Policy networks and communities #POLU9UK

As we discussed in week 2, if you start your study of British politics by describing the Westminster model, you get something like this:

Key parts of the Westminster political system help concentrate power in the executive. Representative democracy is the basis for most participation and accountability. The UK is a unitary state built on parliamentary sovereignty and a fusion of executive and legislature, not a delegation or division of powers. The plurality electoral system exaggerates single party majorities, the whip helps maintain party control of Parliament, the government holds the whip, and the Prime Minister controls membership of the government. So, you get centralised government and you know who is in charge and therefore to blame.

Yet, if you read the recommended reading, you get this:

Most contemporary analysts dwell on the shortcomings of the Westminster account and compare it with a more realistic framework based on modern discussions of governance … Britain has moved away from a distinctive Westminster model.

And, if you read this post on the pervasiveness of policy networks and communities, you get something like this:

‘Policy networks’ or ‘policy communities’ represent the building blocks of policy studies. Most policy theories situate them at the heart of the policy process.

So, you may want to know: ‘How did we get from the one case of affairs to the other case of affairs?’ (source). Here are some possible explanations to discuss.

One account is wrong

In our grumpy account, we pretty much complain that the incorrect story still wins because it sounds so good. The uncool academics have all agreed that the ‘governance’ story best sums up British politics, but the media and public don’t pay attention to it, politicians act as if it doesn’t exist, and cool Lijphart gets all the attention with his ‘majoritarian’ model of the UK which accentuates the adversarial and top-down nature compared to the utopian consensus democracies in which all politicans hold hands and sing together before agreeing all their policies.

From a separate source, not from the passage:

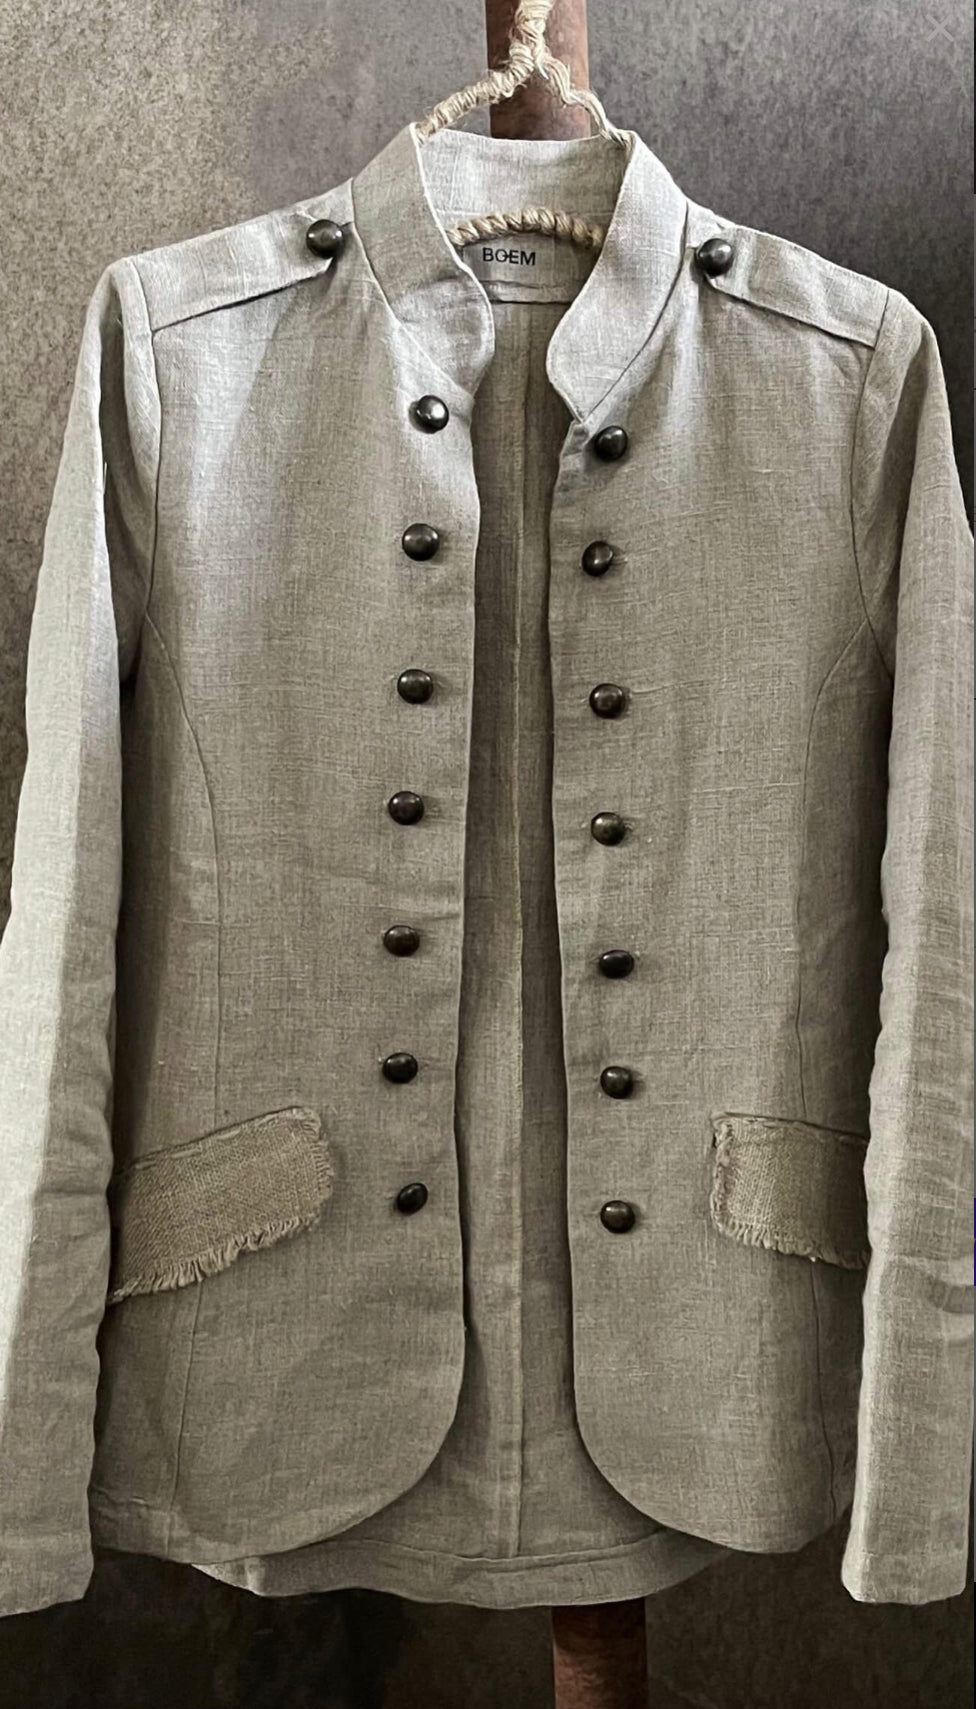 Boem Linen militia jacket

One account is wrong most of the time

When less grumpy, we suggest that our account is correct most of the time. People pay attention to the exciting world of elected politics and governing politicians, but it represents the tip of the iceberg. Most policy is processed below the surface, away from the public spotlight, and this process does not match the UK’s majoritarian image. Instead, policymakers tend to work routinely with other policy participants to share information and advice and come to collective understandings of problems and feasible solutions.

What explains the shift from one image to the other?

If we go for the latter explanation, we need to know how this process works: what prompts a tiny number of issues to receive the excitement and attention and a huge number to receive almost none? I’ll give you some ideas below, but note that you can find the same basic explanation of this agenda setting/ framing process in many theories of the policy process. You should read as many as possible and, in particular, those on framing, punctuated equilibrium, and power/ideas. Combined, you get the sense of two scenarios: one in which people simply can’t pay attention to many policy issues and have to ignore most; and, one in which people exploit this limitation to make sure that some issues are ignored (for example, by framing issues as ‘solved’ by policymakers, with only experts required to oversee the implementation of key choices).

The general explanation: powerful people have limited attention

You’ll find this general explanation squirrelled away somewhere in almost everything I’ve written. In this case, it’s in the networks 1000 words post:

  • The size and scope of the state is so large that it is in danger of becoming unmanageable. The same can be said of the crowded environment in which huge numbers of actors seek policy influence. Consequently, the state’s component parts are broken down into policy sectors and sub-sectors, with power spread across government.
  • Elected policymakers can only pay attention to a tiny proportion of issues for which they are responsible. So, they pay attention to a small number and ignore the rest. In effect, they delegate policymaking responsibility to other actors such as bureaucrats, often at low levels of government.
  • At this level of government and specialisation, bureaucrats rely on specialist organisations for information and advice.
  • Those organisations trade that information/advice and other resources for access to, and influence within, the government (other resources may relate to who groups represent – such as a large, paying membership, an important profession, or a high status donor or corporation).
  • Therefore, most public policy is conducted primarily through small and specialist policy communities that process issues at a level of government not particularly visible to the public, and with minimal senior policymaker involvement.

A specific explanation: even ‘majoriarian’ governments seek consensus even when issues become high profile

I like this story about Brent Spar as an example of ‘bureaucratic accommodation’. In a nutshell (from p577), they argue that we began with a high profile issue in which Greenpeace occupied a Shell oil rig that was due for disposal, got Shell to change its policy through high profile campaigning, but that they came to quieter agreement within government by agreeing on specific policies without shifting their basic principles. Many of us saw the conflict but few saw the consensus building that followed (and, in fact, preceded these events). There are many stories like this, in which relatively short periods of highly salient policymaking ‘punctuate’ much longer spells of humdrum activity.

brent-spar

Group activities

So, in our group work we can explore the key themes through examples. I’ll ask you to identify the conditions under which Westminster-model-style activity happens, and the conditions under which we’d expect policy communities to develop. I’ll ask you to compare issues in which there is high salience and conflict with issues that are low salience and/ or low conflict. I might even ask you to remember some high profile issues from the past then ask: where are they now?